Per quanto sorprendente, il primo apprendistato dell' osservatore planetario consiste nell' imparare a vedere. Chiunque abbia mostrato a un pubblico laico un' immagine planetaria conosce la perplessita' e la delusione piu' o meno mascherate che essa suscita. Eccezion fatta, s' intende, per gli anelli di Saturno! Solo rispondendo a precise domande l' osservatore casuale ammette di vedere "qualcosa", rivelando comunque una notevole difficolta' a percepire anche i dettagli piu' "appariscenti" di una superfice planetaria. Tutto questo e' perfettamente normale.

L' occhio si trova in una condizione di lavoro del tutto inusuale di fronte a una immagine piccola e abbagliante su fondo scuro, ed il cervello e' del tutto impreparato ad elaborare i segnali che riceve. Solo il tempo e l' allenamento mettono a punto il sistema di ricezione. Non solo. Ogni Pianeta ha, sotto questo aspetto, caratteristiche diverse.

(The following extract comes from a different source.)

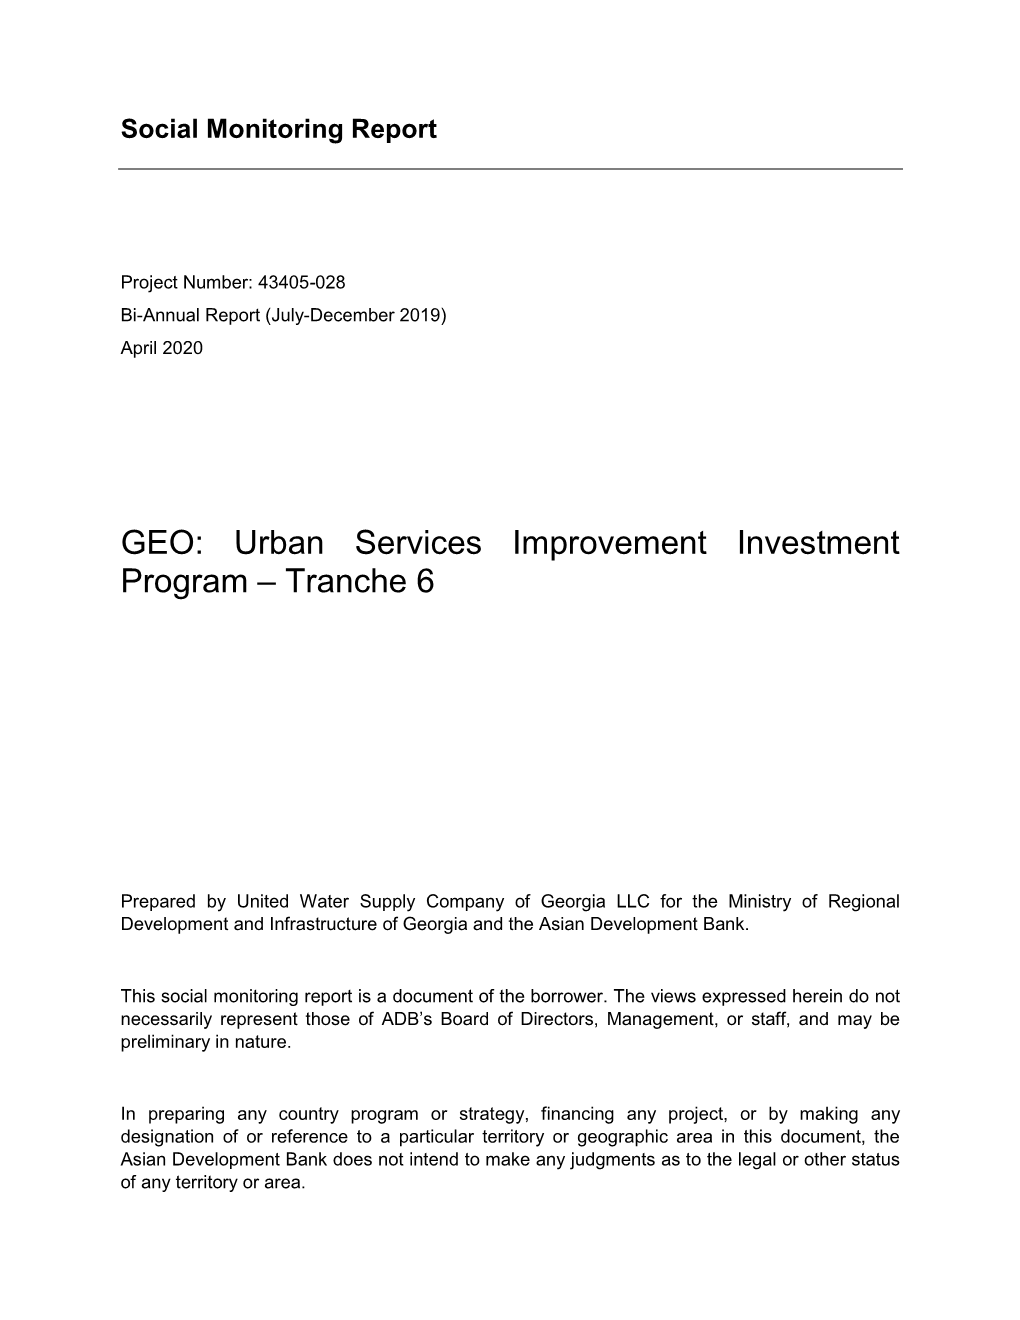 GEO: Urban Services Improvement Investment Program – Tranche 6

Il piu' facile da osservare e' certamente Giove. Relativamente grande, non esegeratamente luminoso, consente un adattamento alla visione abbastanza rapido. Cosi' come Saturno, del resto, per il quale le difficolta' sono piu' oggettive, date dalla piccolezza del disco e dalla modestia, di solito, dei particolari osservabili. Per Venere il discorso si fa delicato in quanto, anche ponendo in essere tutti gli accorgimenti possibili, le elusive ombreggiature del Pianeta cominciano ad emergere solo dopo un periodo di adattamento non trascurabile.

Dimensioni relative apparenti dei pianeti, a fasi diverse per Venere e Mercurio. Marte è rappresentato in opposizioni afeliche e perieliche; Giove e Saturno alla distanza media all'opposizione.

Marte e' l' oggetto piu' difficile. Piccolo, luminosissimo, rappresenta indubbiamente il caso limite. A prescindere dalle difficolta' oggettive date dalla piccolezza del disco e quindi dal forte ingrandimento che richiede, ingrandimento che amplifica il disturbo della turbolenza atmosferica e che impegna l' osservatore anche sul piano fisico costringendolo a una rigida immobilita' e, non di rado, a trattenere anche il respiro, Marte richiede un periodo di adattamento alla visione particolarmente lungo e impegnativo. Possono essere necessarie anche alcune diecine d' ore di osservazione prima che le macchie comincino a venir fuori. Poi, quasi all' improvviso il dischetto si popola di innumerevoli particolari, premio sicuramente proporzionato all' impegno.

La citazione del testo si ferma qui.